Get a Life, Chloe Brown
- Author: Talia Hibbert
- Language: English
- Series: The Brown Sisters
- Genre: Fiction, Romance
- Publisher: Avon Romance
- Publication date: 2019
- ISBN: 9780062941206
- Followed by: Take a Hint, Dani Brown

= Get a Life, Chloe Brown =

2019 novel by Talia Hibbert

Get a Life, Chloe Brown is a 2019 romance novel written by Talia Hibbert and published by Avon Romance. It is Hibbert's first traditionally published book from and is the first book of a trilogy following the Brown sisters. The novel was followed by Take A Hint, Dani Brown in 2020 and Act Your Age, Eve Brown in 2021.

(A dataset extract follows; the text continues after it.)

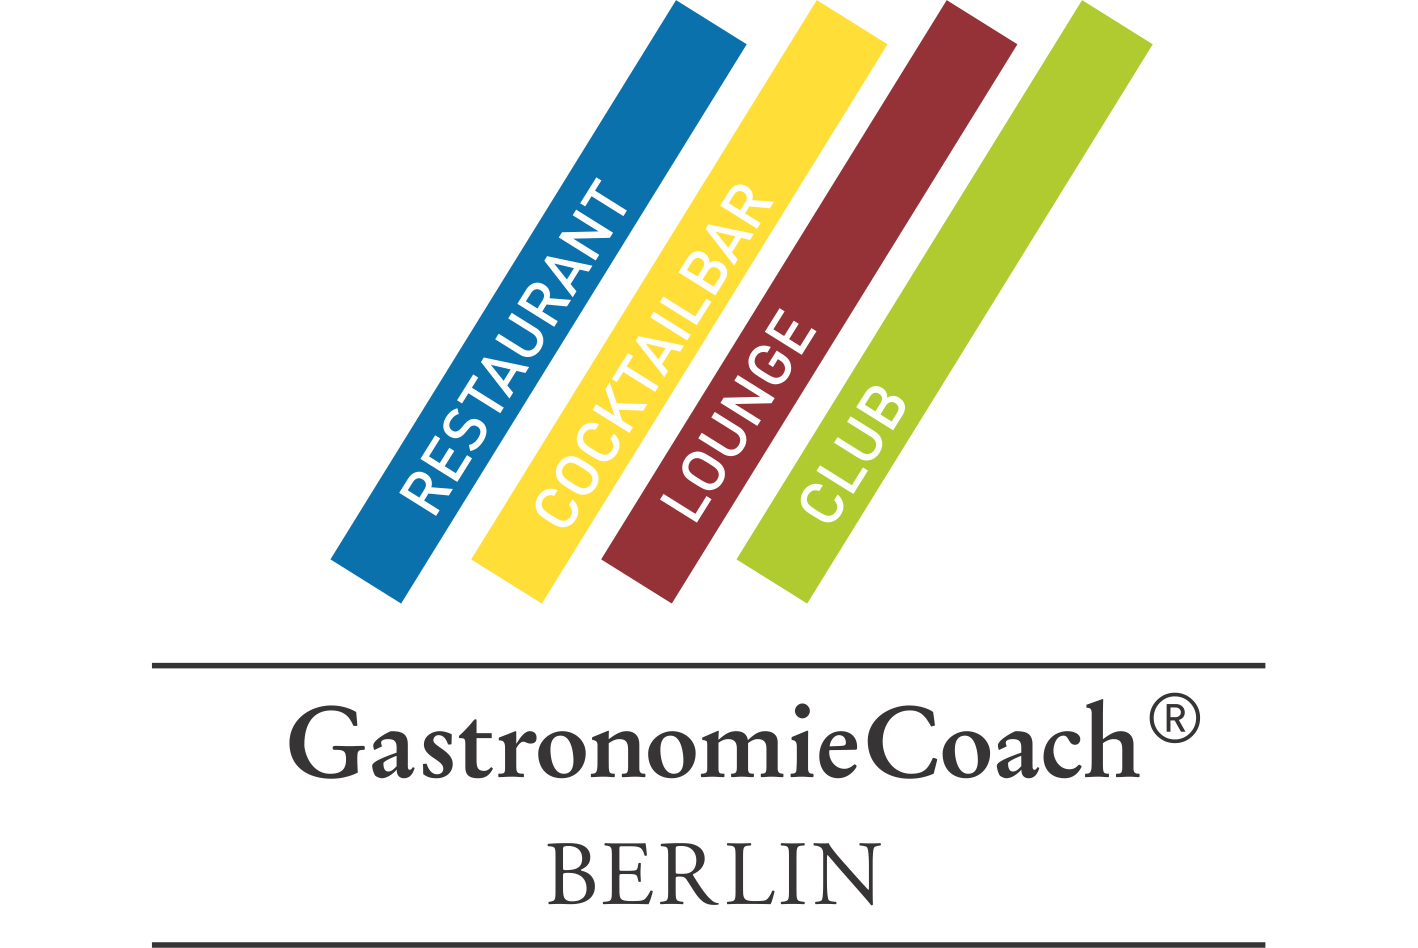 Altay Werbung Partner - GastronomieCoach Berlin

The audiobook of Get a Life, Chloe Brown was narrated by Adjoa Andoh and published by HarperAudio.

== Background ==
Hibbert has identified Get a Life, Chloe Brown as an #OwnVoices work; the main character lives with chronic pain, like Hibbert herself. For much of her life, Hibbert struggled with undiagnosed health issues, until it was diagnosed as fibromyalgia. Hibbert's multiple issues with doctors influenced the topic of medical discrimination in her novel.

The novel explores the strain that chronic pain can place on both familial and romantic relationships, as well as showing a person with chronic pain is deserving and capable of having a loving relationship. The book explores methods of reasserting a sense of control within a life that was once ruled by illness.

== Reception ==
Get a Life, Chloe Brown was featured on the Today show and reached the best seller lists of both USA Today and The Wall Street Journal. It reached #77 on the USA Today Bestseller list.

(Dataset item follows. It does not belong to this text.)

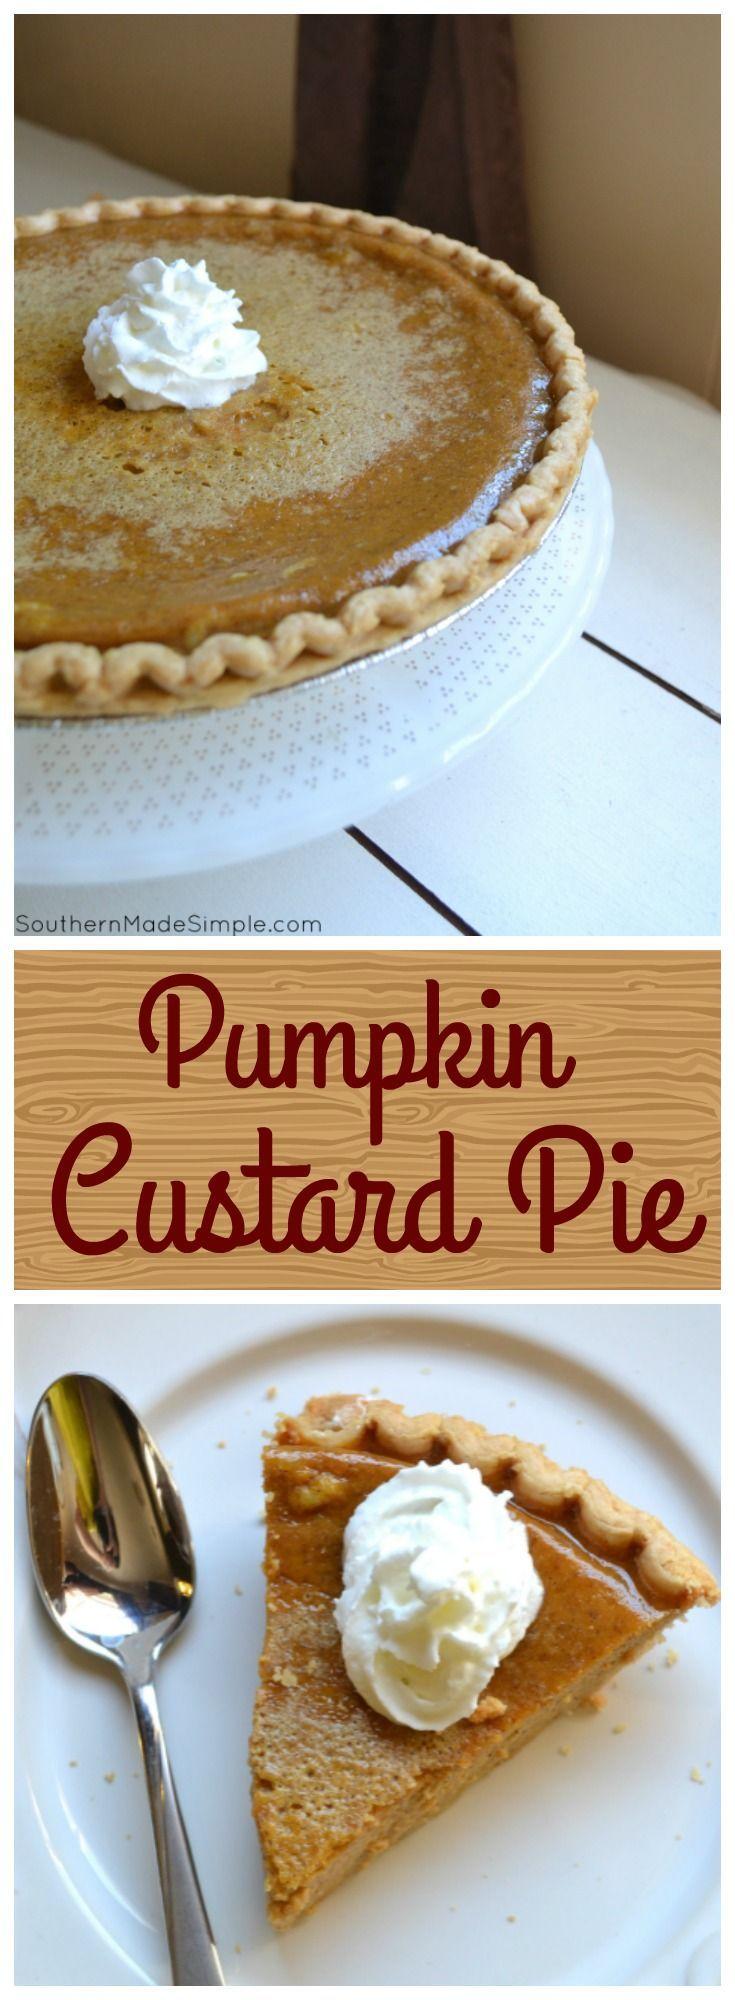 Best 25+ Recipe of custard ideas on Pinterest | Cream ...

Get a Life, Chloe Brown has been reviewed in The Washington Post. and twice on NPR. Roxane Gay gave the novel a 4 star review on Goodreads, calling it a "Charming romance novel involving a woman with chronic pain and an attitude to mask it and her building’s super, a giant man with long flowing red hair and a tender, wounded heart. Well written, great banter, sexy vibes." Jaime Green's review for The New York Times called Hibbert a "brilliant writer."

The novel received the Ripped Bodice Awards for Excellence in Romance Fiction in 2019.